The listing below is to be duplicated exactly, with every picture omitted.

[INFORMATION SHOWN]:

━━━━━━━━━━━━━━━━━━━━━━━━━━━━━━

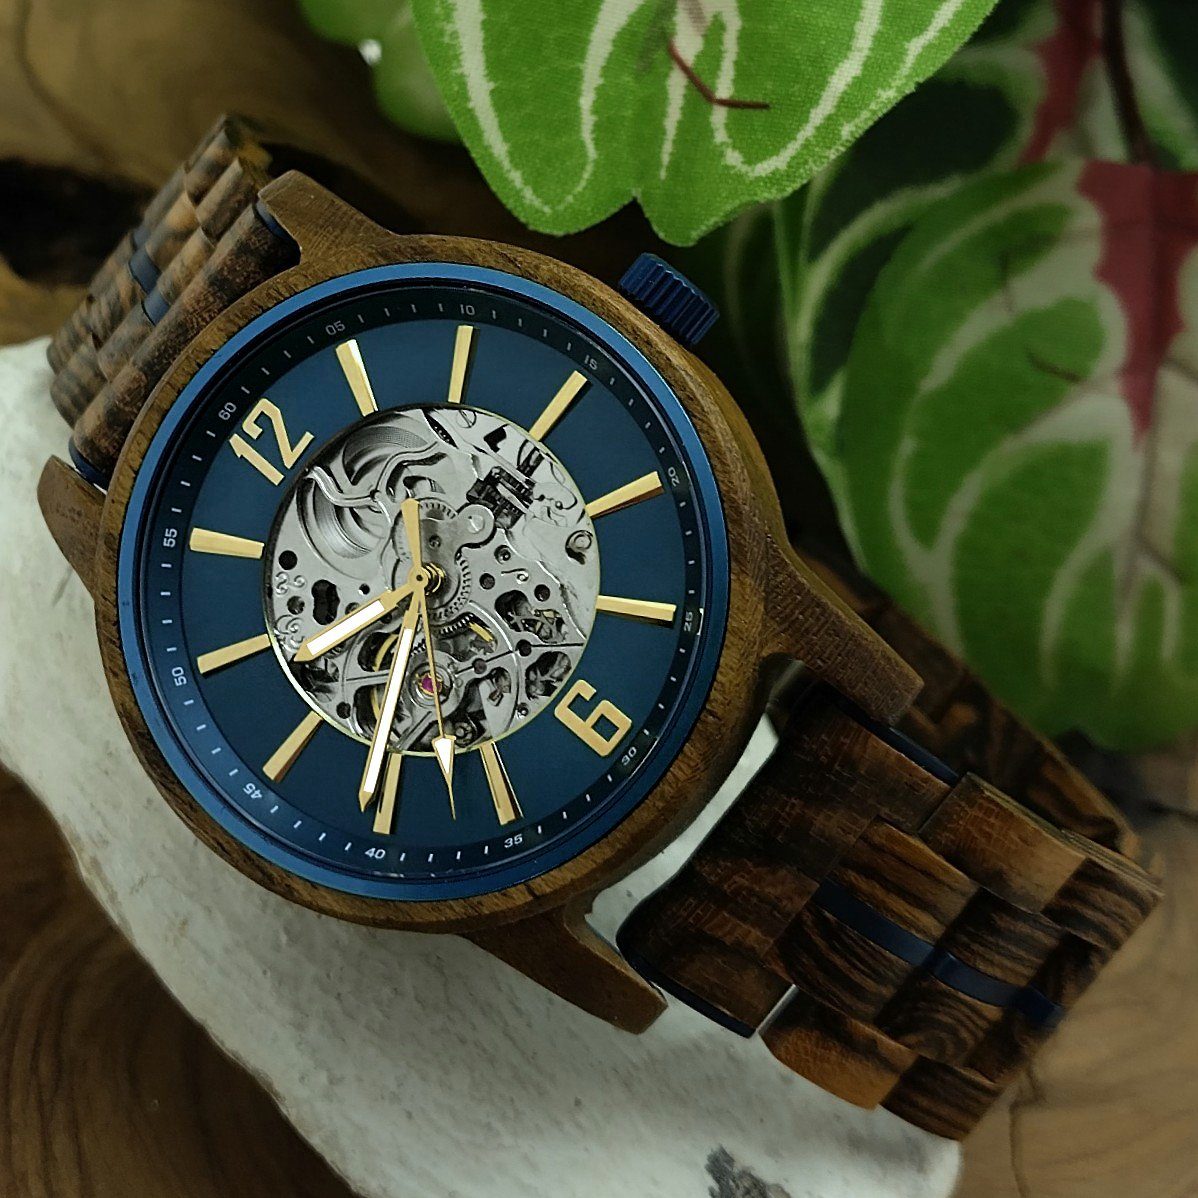 Holzwerk Automatikuhr CRIVITZ Herren Uhr in braun, Holz gold Armband blau, Edelstahl &
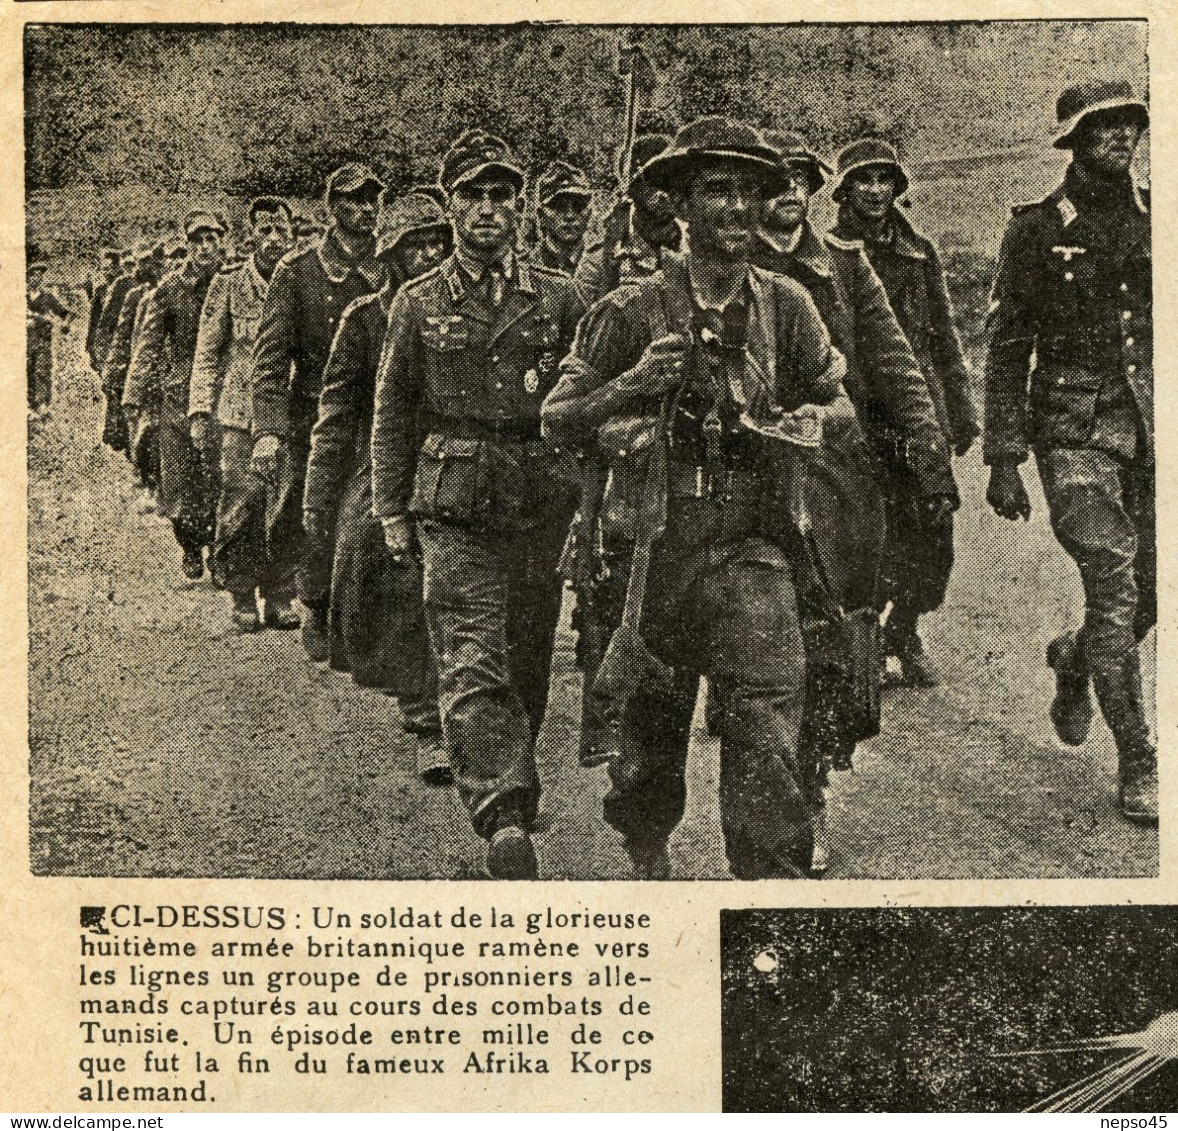 Journal.Organe des Mouvements de Résistance Uni.Edition Zone Sud.année 1943.Libération Numéro spécial.Propagande Alliés.
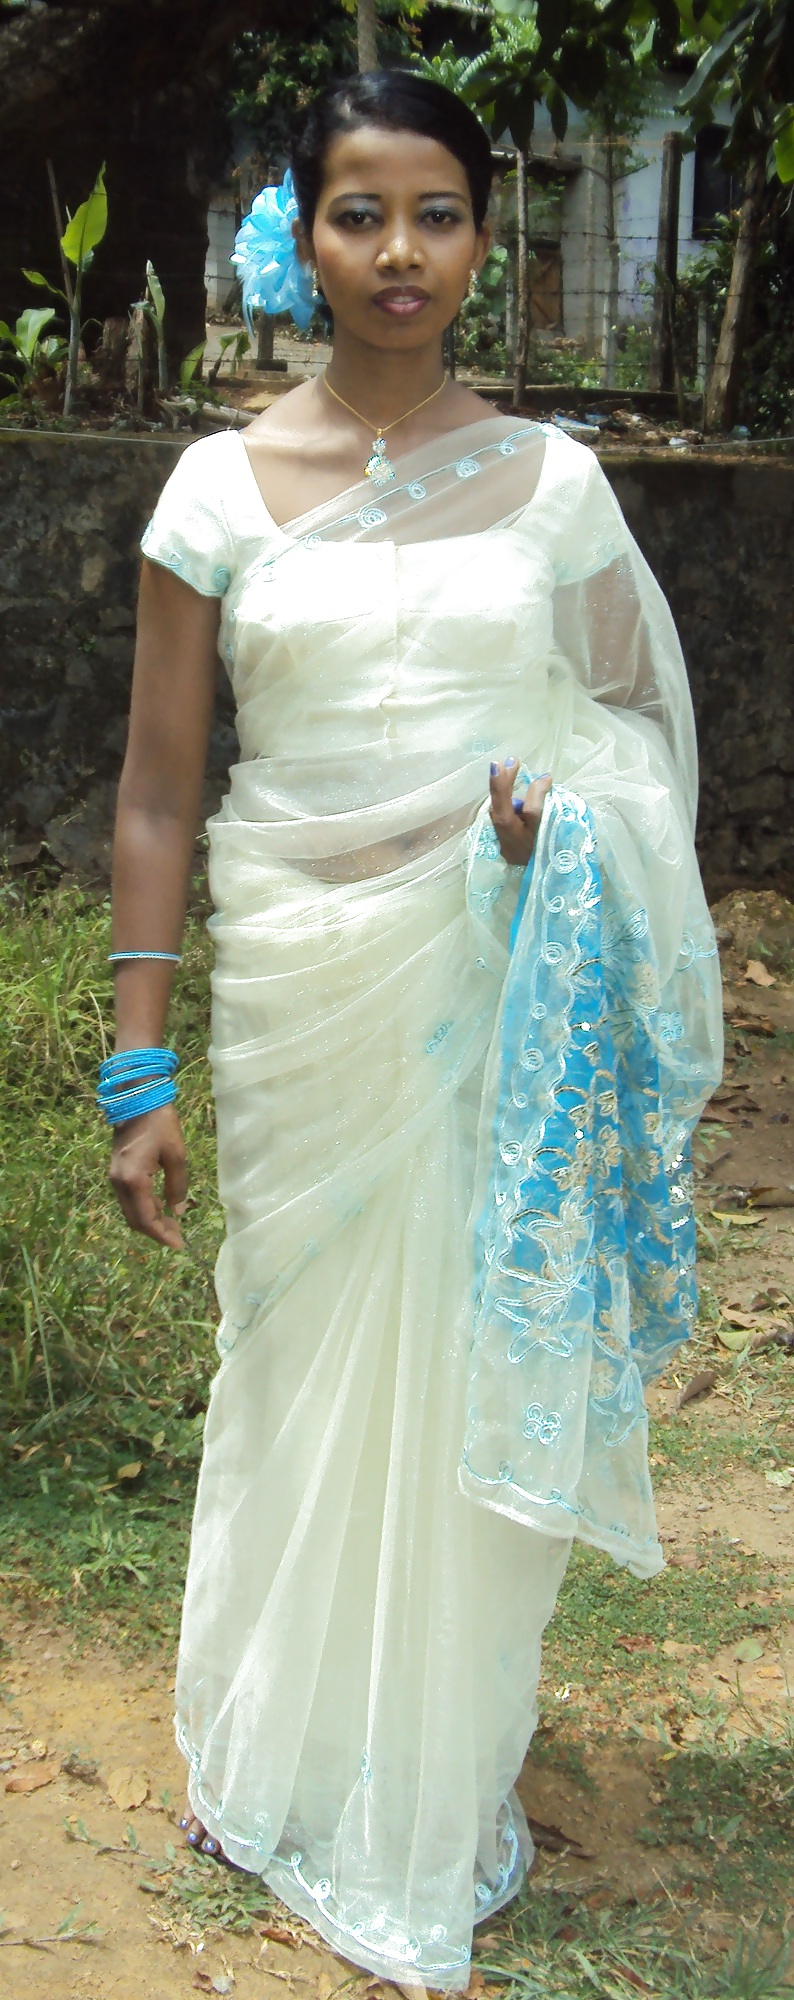 Esposa de Sri Lanka expuesta
 #21620191

━━━━━━━━━━━━━━━━━━━━━━━━━━━━━━

[WRITTEN ANSWER]:
 Holzwerk Automatikuhr CRIVITZ Herren Uhr in braun, Holz gold Armband blau, Edelstahl &
 Journal.Organe des Mouvements de Résistance Uni.Edition Zone Sud.année 1943.Libération Numéro spécial.Propagande Alliés.
 Esposa de Sri Lanka expuesta
 #21620191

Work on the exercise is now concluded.